医師確保では、国でも奈良県のことについて責任を感じているというふうに、日本共産党の国会議員の質問にたいして、答えておりますから医大の増員5名とおっしゃっても、実際に一人前になるまでに8年かかる。今の時期をどうするかということが大事でありますので、国にも要請をしながら、積極的な対応をすすめていくことが必要ではなかろうかと思います。

荒井正吾知事答弁 
 今度の調査でよくわかりましたが、後方病床にいくべき新生児の方が、いろいろな障害とかの事情で、NICUに滞留というか留まっておられる事情があります。占有されているということです。これは他の地域でもたくさん、あるようでございます。先日、厚生労働大臣と会いましたが、各知事が同じようなことをおっしゃっていました。
 埼玉県の知事は最大500日以上、NICUに留まっておられる新生児がおられると、後方病床で、障害をもたれたかたをさらに福祉の療養病床を準備するという一連のシステムが必要だということがよくわかってまいりました。NICUだけではなしに、NICUが後方病床がわりに使われるということが、より大きな問題だということがわかってまいりました。
 県立奈良などに後方病床の整備についての予算をお願いしたり、後方病床の整備については早急な整備をすすめていきたいと考えております。
 ドクターカーにつきましては、調査報告書に書いてないということですが、この前の報告書は広域搬送の課題をとらえてヘリコプターということをとりあげた経緯がございます。その事案についての調査報告書でございますので、全体の報告書ではございません。ドクターカーにつきましては、車の整備よりも医者がおられないと、とにかく夜中、どこにも診察していただく医者がいないという日が奈良では何日かあるという実情でございますので、ドクターカーにまわるまでもなく、診察してくれる医院がないということはより深刻な現状であろうかと思います。
 秋田県の妊婦健診が10回とたいへん、立派なことだと思います。少子化対策の一環ということでございます。奈良の少子化対策も、この前、上川大臣とお会いしたとき奈良の少子化対策ぜひやってくださいということで、出生率が低いということで。10回にすれば子どもが増えるということではないかもしれませんが、いろいろな努力を重ねないといけないと。ならの出産適齢期の方が就職がないという事情があるのか、外へ言っておられるという事情もございます。お子さんが作られたらならは育てやすいので、奈良にもどってこられるという事情も多少わかっております。奈良の事情に適した少子化対策をしていきたいと思いますし、同時に未受診妊婦の解消というのも大きな課題だと思っております。

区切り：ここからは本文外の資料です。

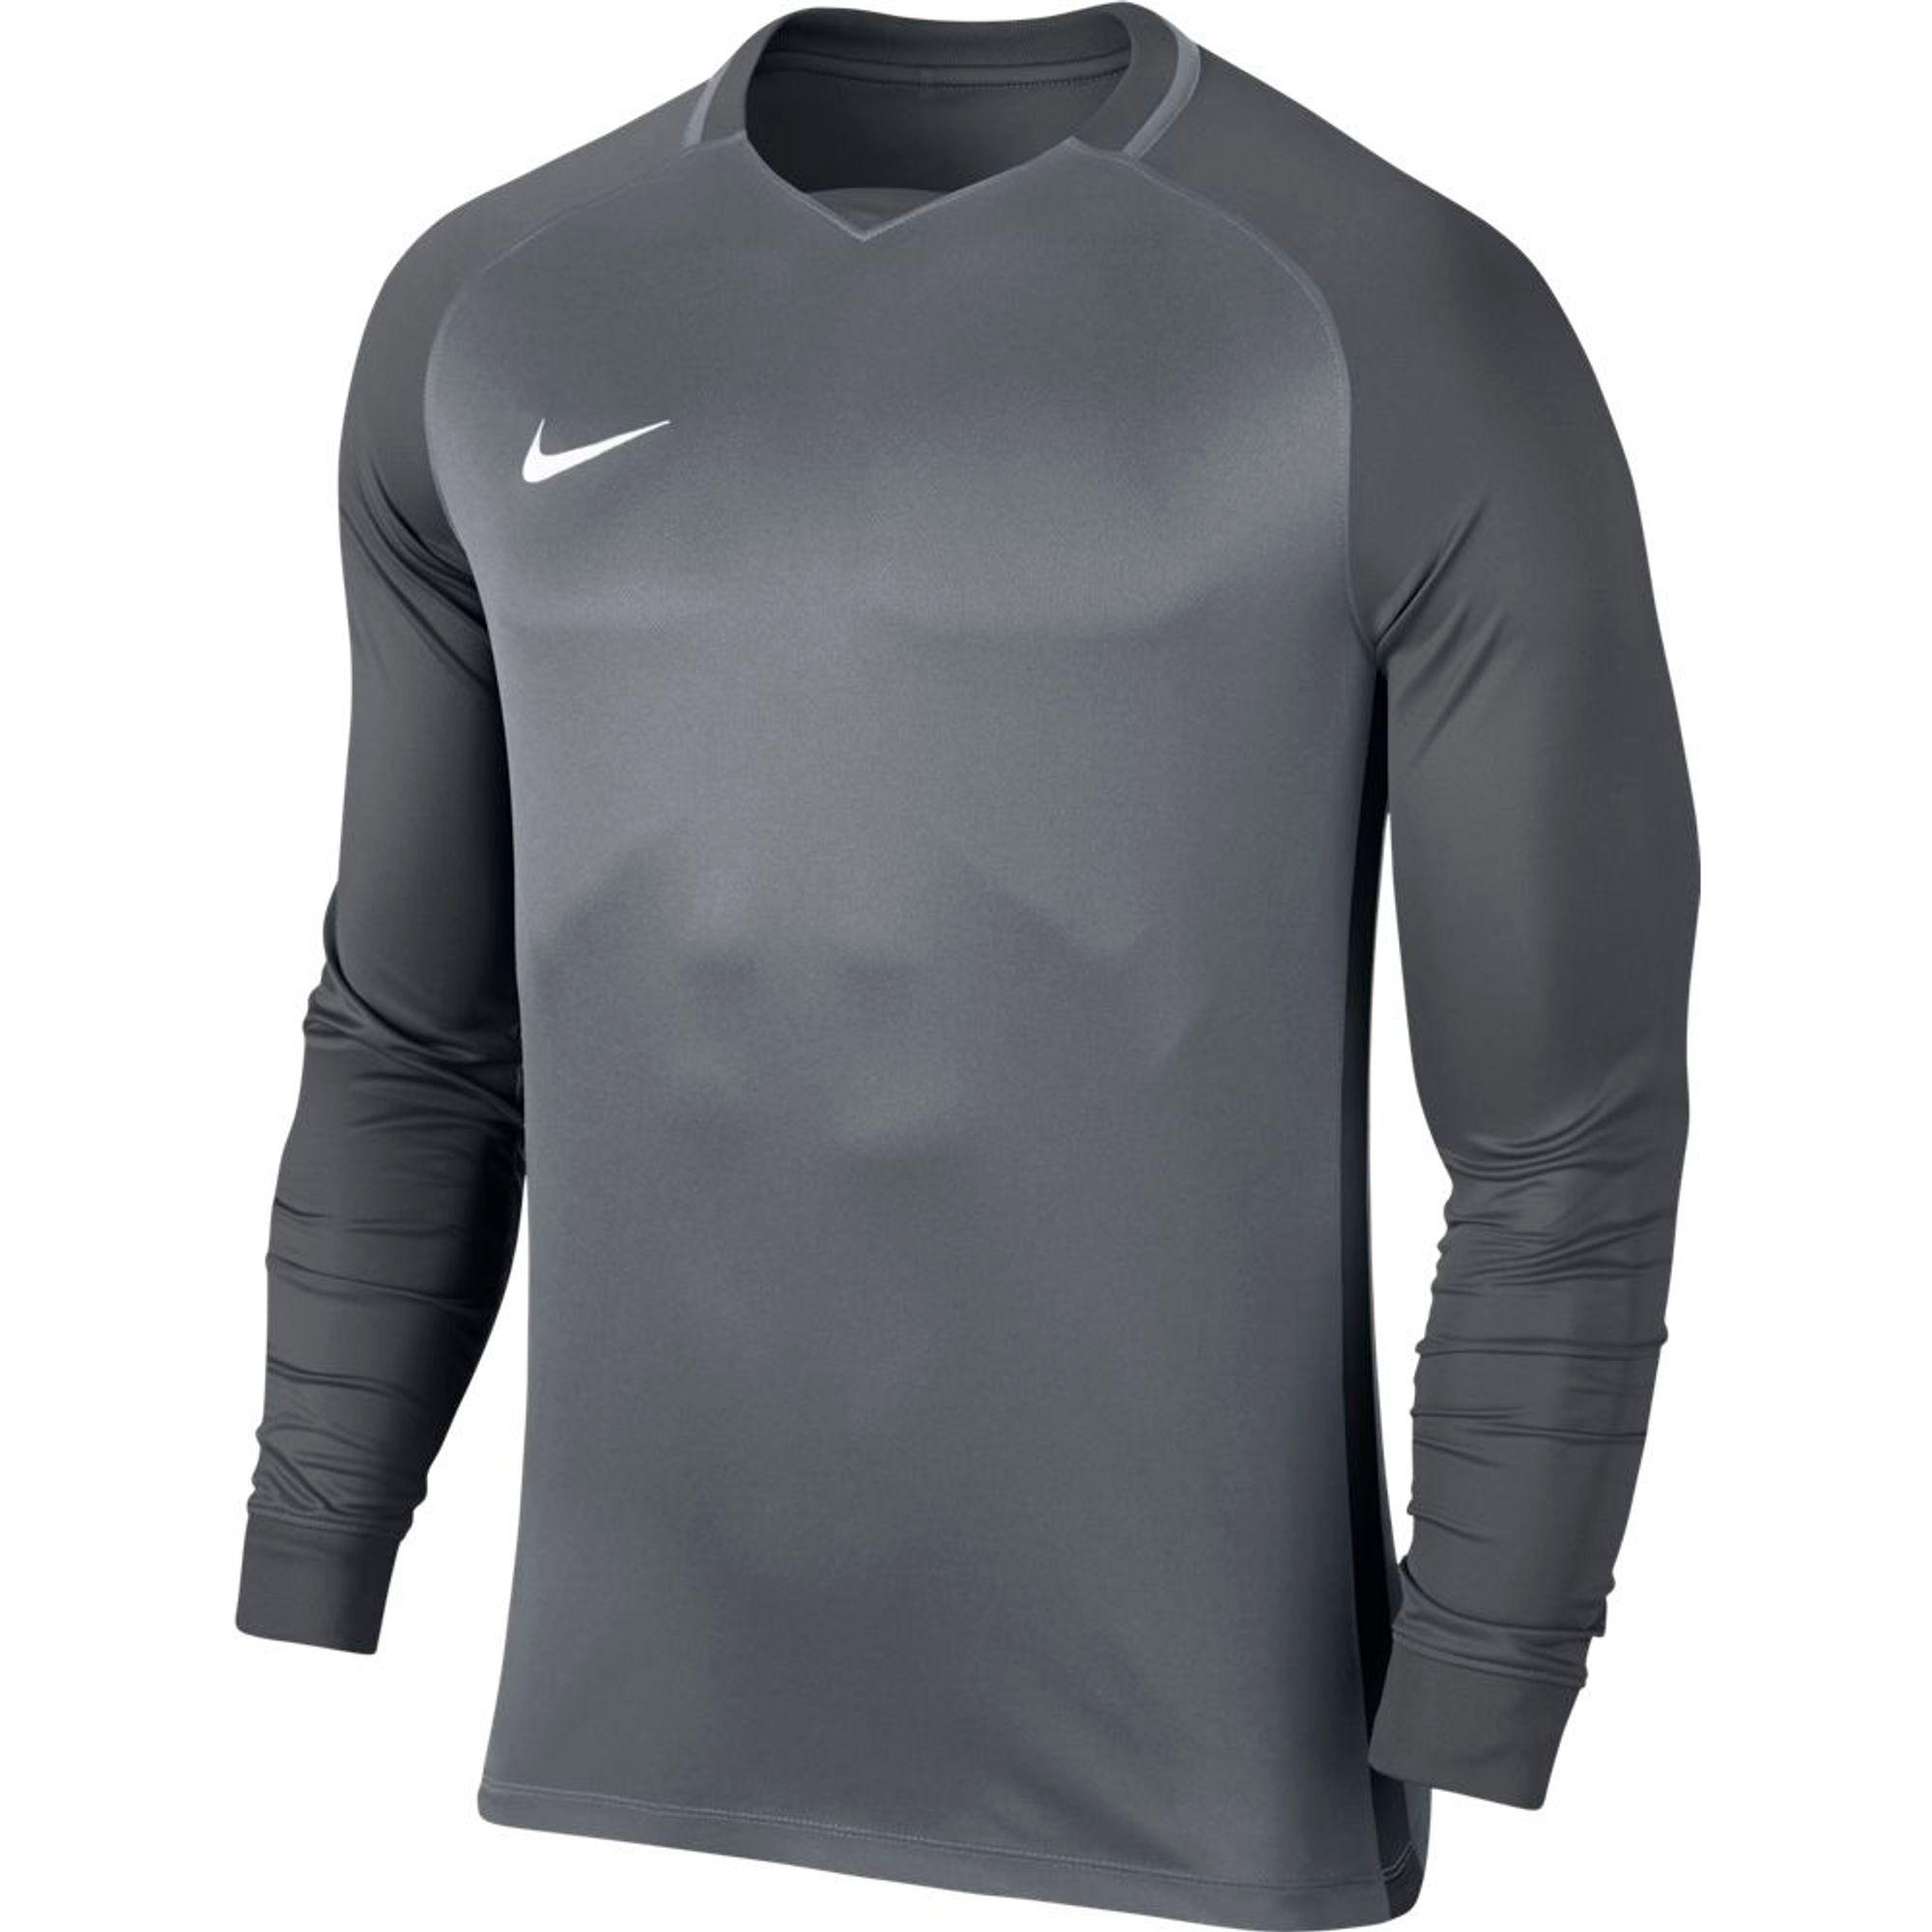 Nike M Nk Dry Trophy Iii Jsy Ls - cool grey/dark grey/dark grey/

 医師増員についての国との責任分担は重要なことですが、やはり医者が流動化して、厳しい職域であります産婦人科をさけて、他へいかれる、あるいは開業にまわられるというのは全国的な傾向で、奈良の医者は頑張っていただいて、少ない72人というなかでよく頑張っていただいているという印象をうけております。そのような限られた医療資源をどれだけ、いいシステムにするかということは県の大きな責任があろうかと思っております。